__SUPPLIED INFORMATION__:
Content starts

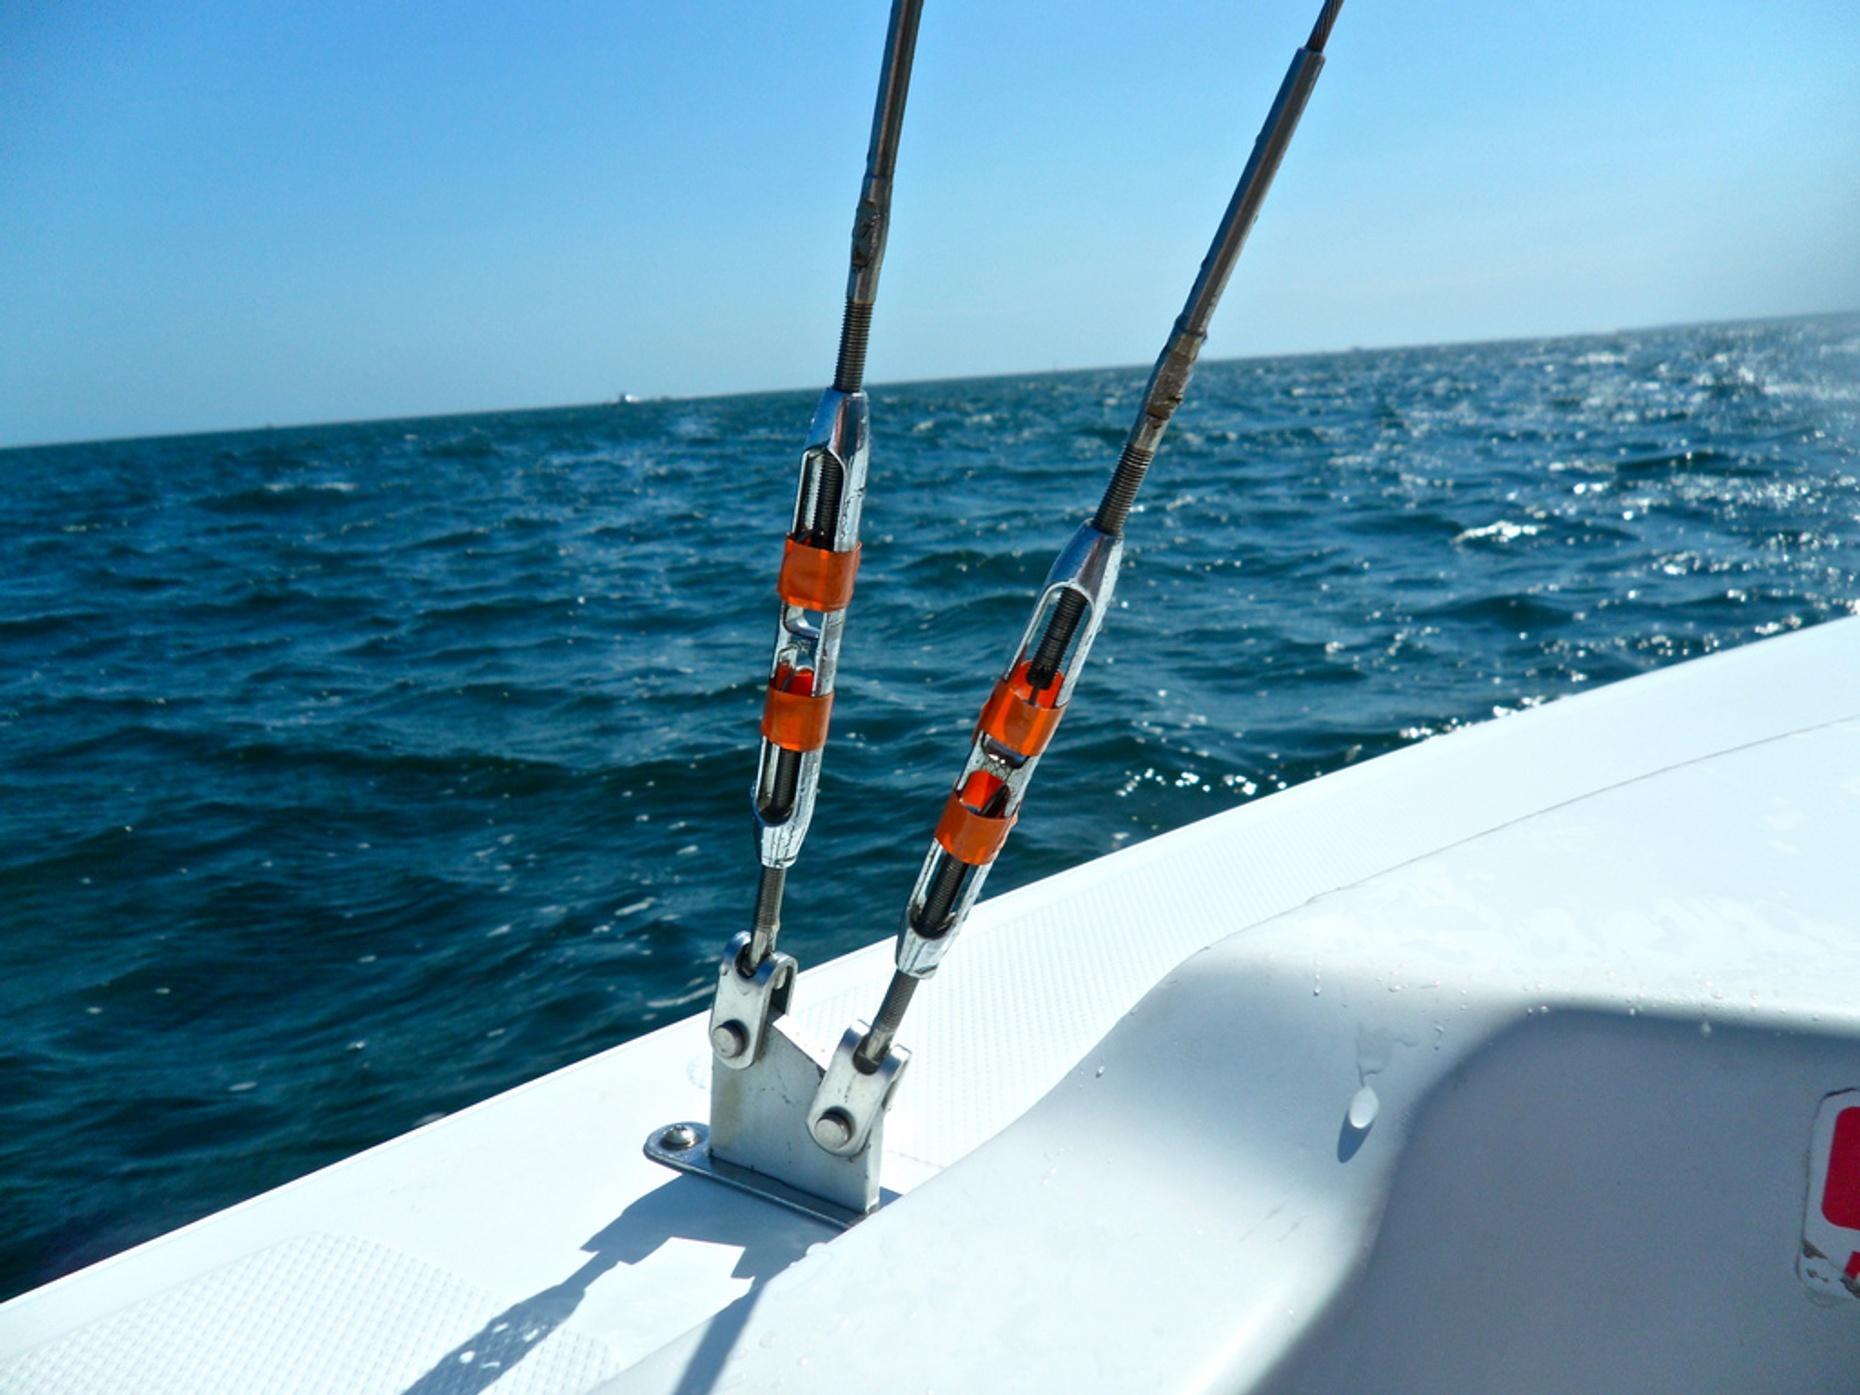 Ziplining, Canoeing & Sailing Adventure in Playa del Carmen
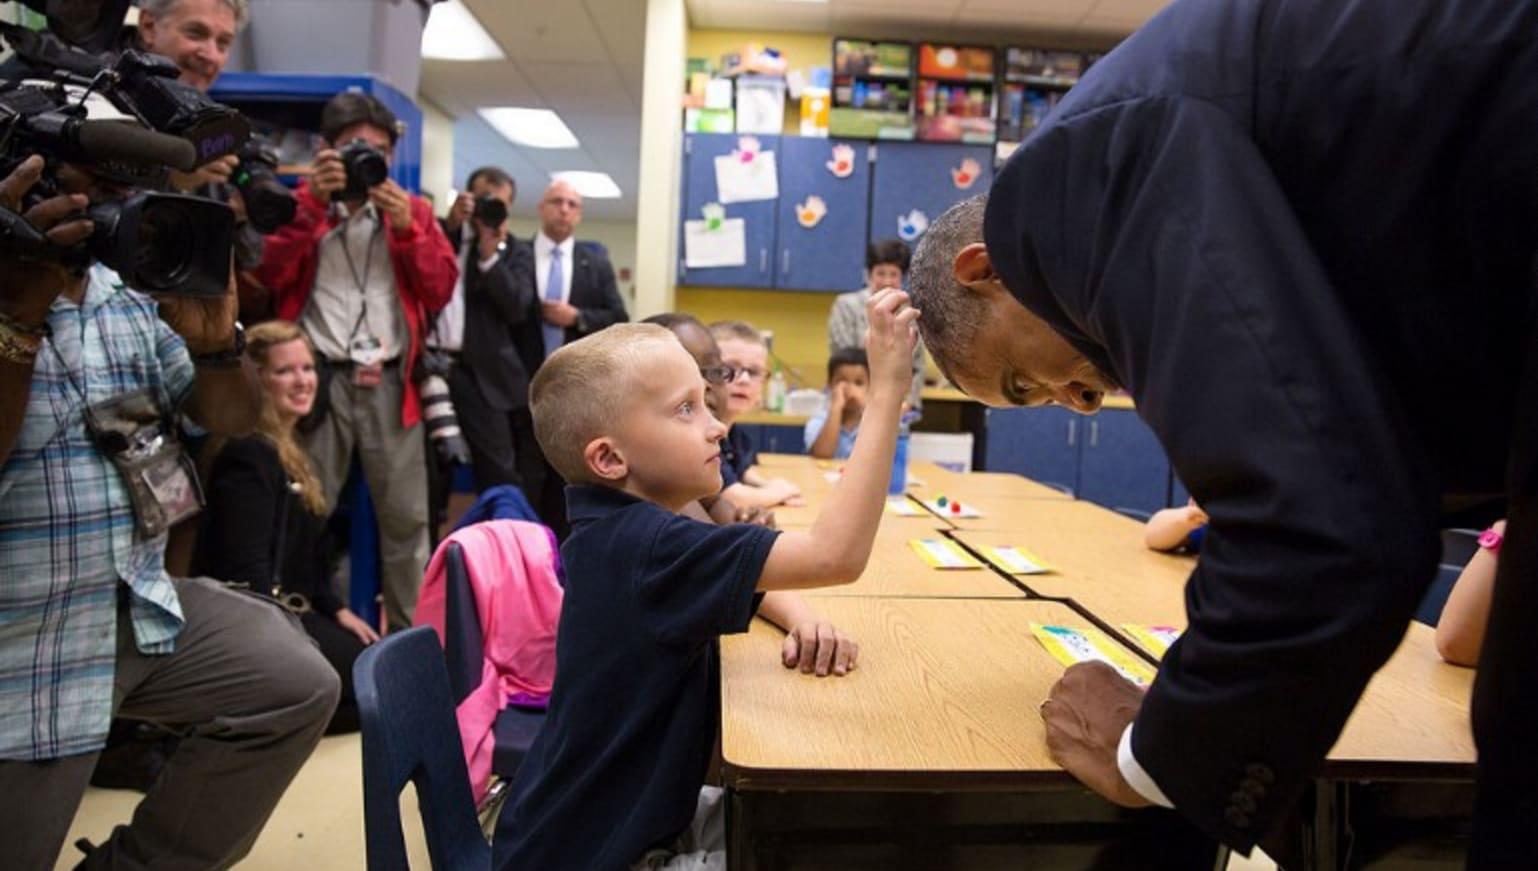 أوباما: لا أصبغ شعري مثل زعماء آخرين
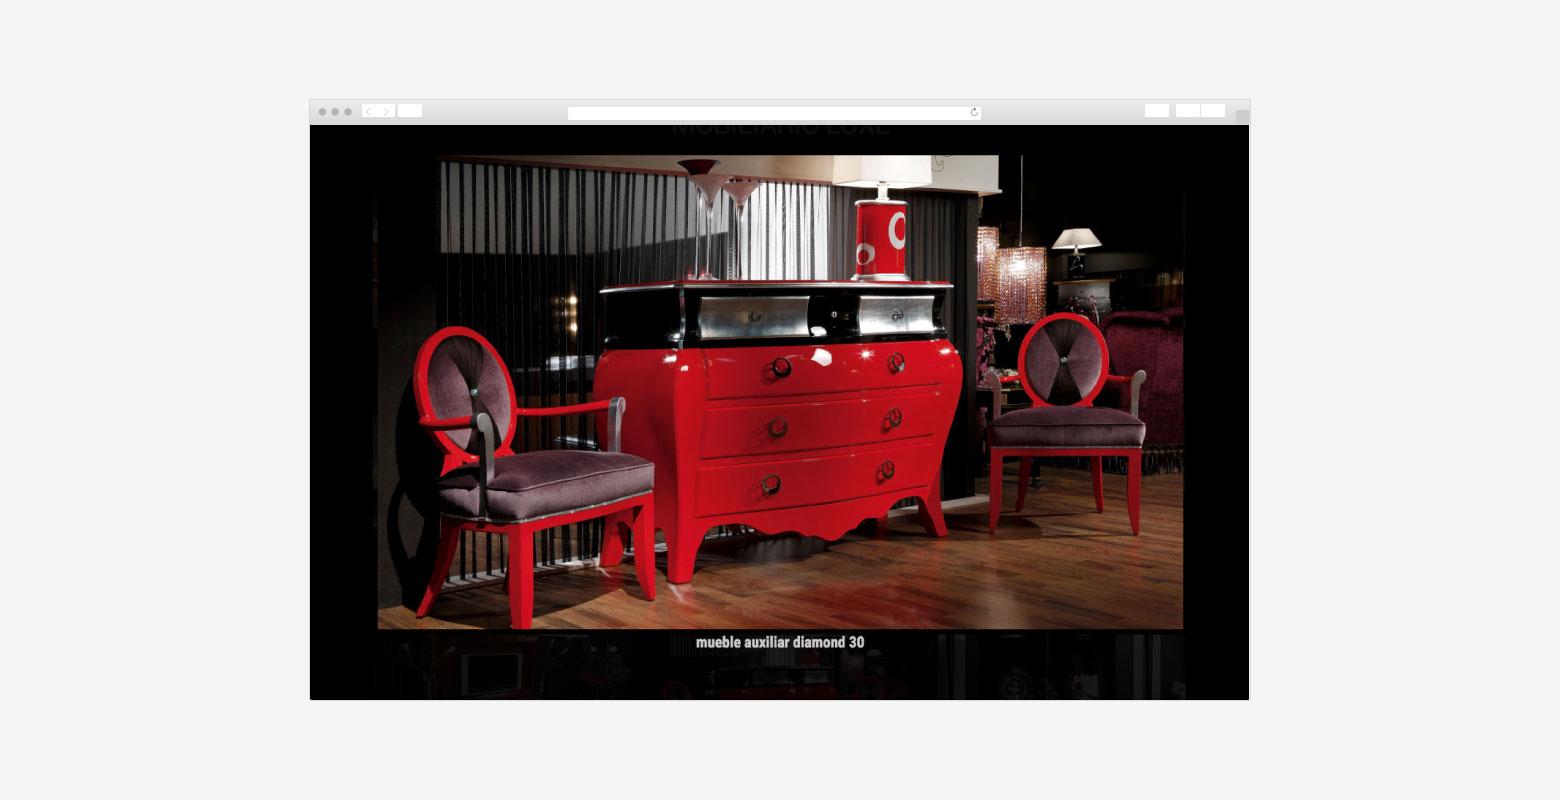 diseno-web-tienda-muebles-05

Content ends

__WORK INSTRUCTIONS__:
Leave out the images and write out the listing above exactly.

__SOLUTION TO THIS EXERCISE__:
 Ziplining, Canoeing & Sailing Adventure in Playa del Carmen
 أوباما: لا أصبغ شعري مثل زعماء آخرين
 diseno-web-tienda-muebles-05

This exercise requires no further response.